Answer: Different options have been emerging, with ideas of ‘the university without condition’, ‘interdisciplinarity’, ‘post-humanism’, an ‘ecology of knowledges’, ‘dissensus’ and ‘global citizenship’. Some of these are bizarre and would spell the complete demise of the humanities, and others would cast the humanities into a position of supplicant.

My view: The humanities are needed more than ever - the challenges of the world will not be met in an algorithmic, bio-informational, landscape - but we need a totally new conception of the humanities, not least because the humanities are heavily implicated in the formation of the Anthropocene, and its several maladies.  The humanities have been far too human! 

It is time to awaken the humanities from their all-too-human, relativist and constructivist slumbers and to become not just realist but critically realist, beginning their orientation from the world - the whole world - and to discern absences in the world, and to bring their resources to bear on ways of ‘absenting’ those absences (as Roy Bhaskar might have put it). 
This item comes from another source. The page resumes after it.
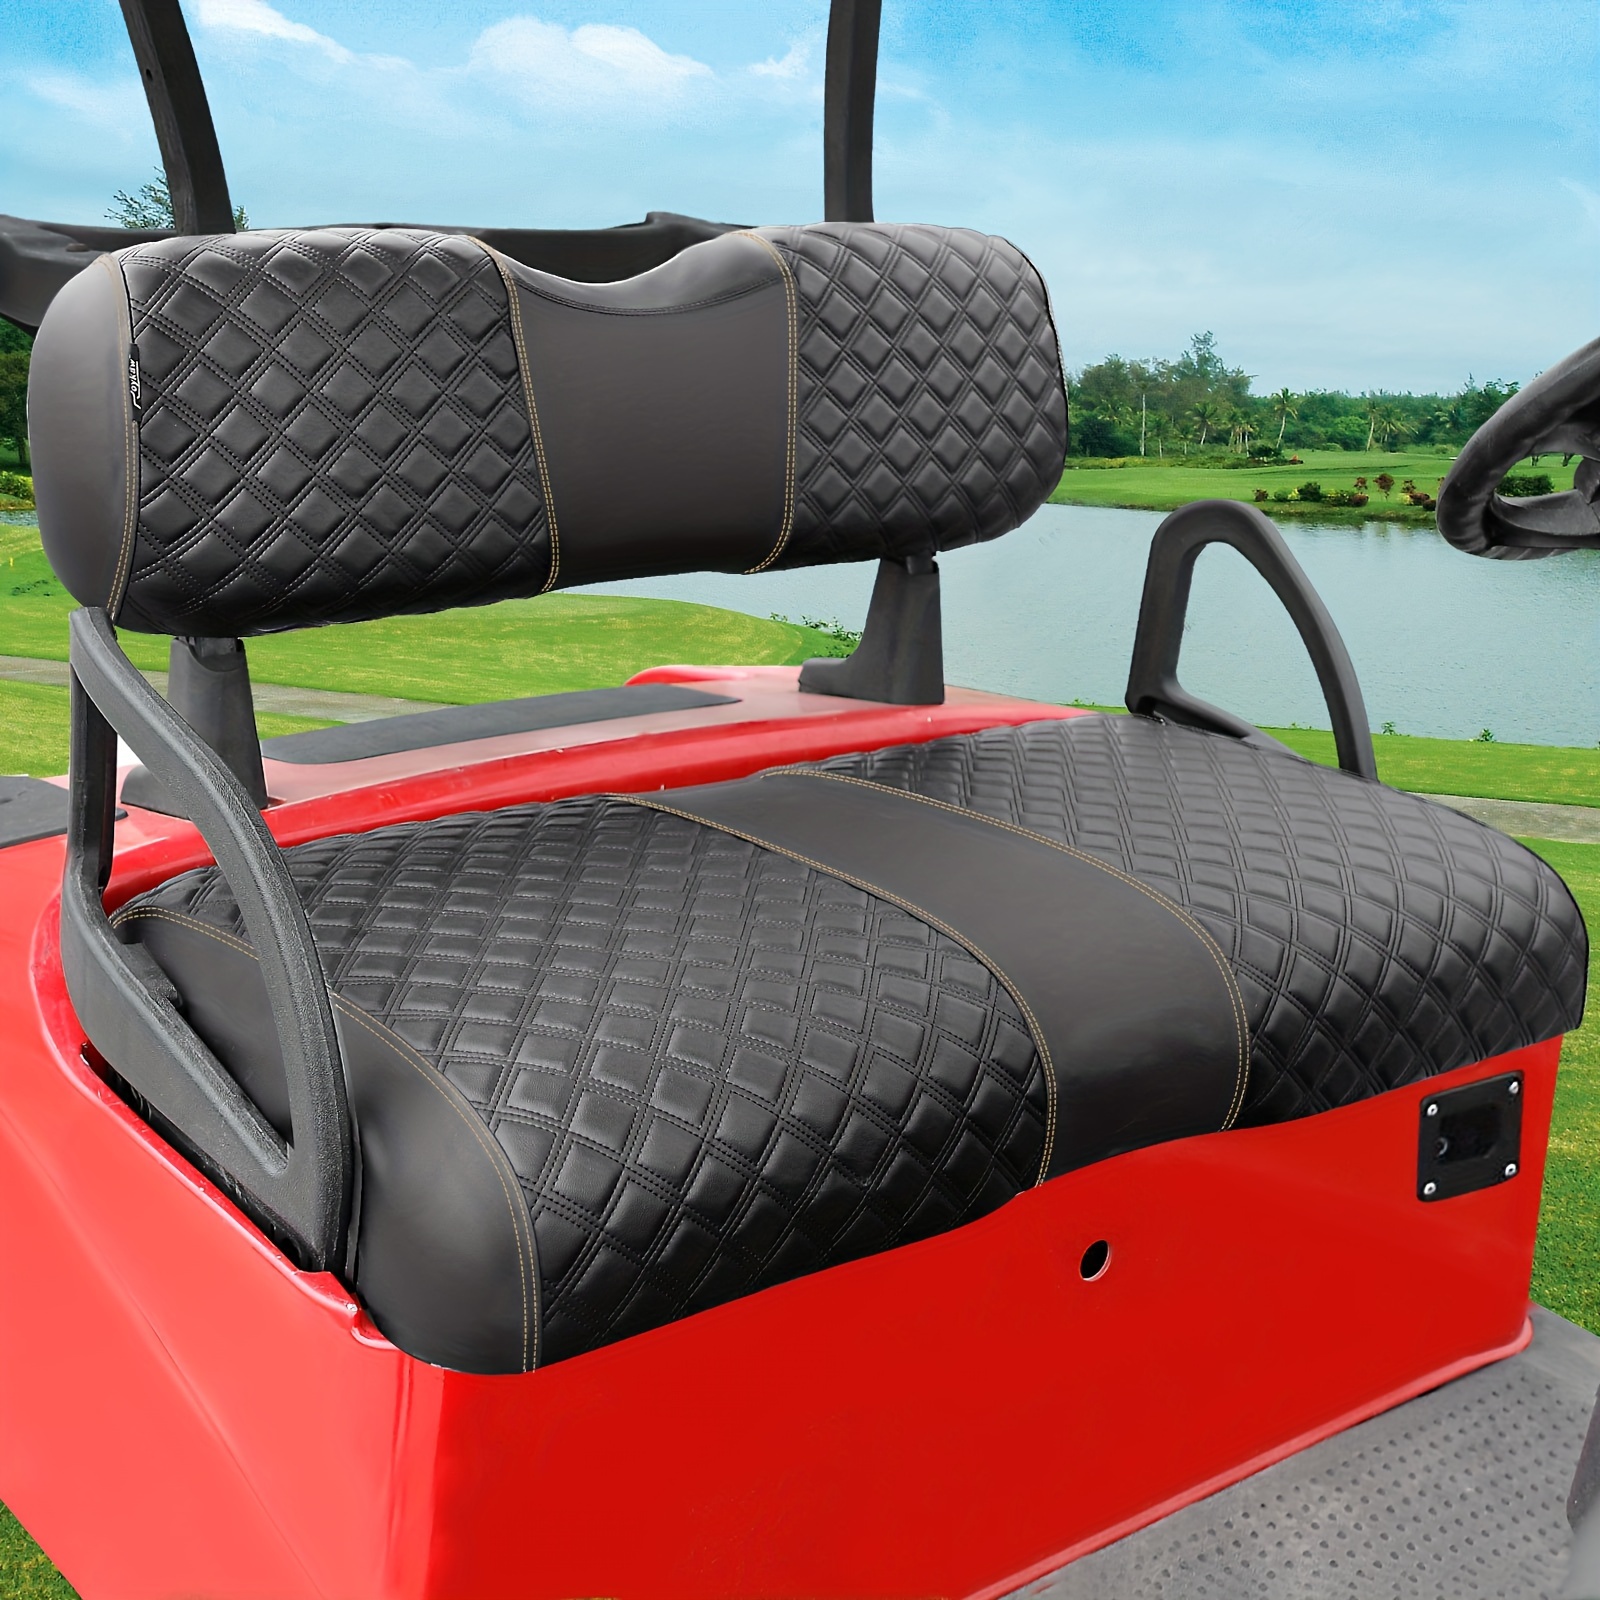 

Roykaw Golf Cart Premium Seat Covers Kit Fit For Ezgo Rxv Oem Ordinary Front Seat Cushion, Marine Grade Vinyl Material/more Sturdy And Comfortable, Breathable & Easy To Clean, Well Made Quality

It would be a ‘Big Issues’ conception of the field, an umbrella aim for which might be ‘ontological justice’, where the humanities would be reconfigured to play their part in forming the Ecocene.  Of course, we have to leave behind the very term ‘the humanities’ - but with what term might we replace it?

 

Ronald Barnett is Emeritus Professor of Higher Education at University College London Institute of Education, where he was a Pro-Director and Dean. He has been a leader in developing the philosophy of higher education, a project heralded by his first book, The Idea of Higher Education (1990). He is the inaugural President of the Philosophy and Theory of Higher Education Society, a past Chair of the Society for Research into Higher Education (SRHE), has had conferred on him both an earned higher doctorate and an honorary doctorate, and - among many prizes - was awarded the inaugural prize by the European Association for Educational Research for his ‘outstanding contribution to Higher Education Research, Policy and Practice’. He is a Fellow of the Academy of Social Sciences, the SRHE and the Higher Education Academy, has produced 35+ books (several being translated into various languages) and 200 papers, given 150+ keynote talks across the world in 40+ countries and is a consultant in the university sector (in which role he has recently been advising UNESCO and other international groupings).  His latest book is The Philosophy of Higher Education: A Critical Introduction (Routledge, 2022) and in press (jointly) is Culture and the University: Education, Ecology, Design (Bloomsbury).  He has been described as a ‘thought leader’ in higher education and ‘the master scholar of the university’.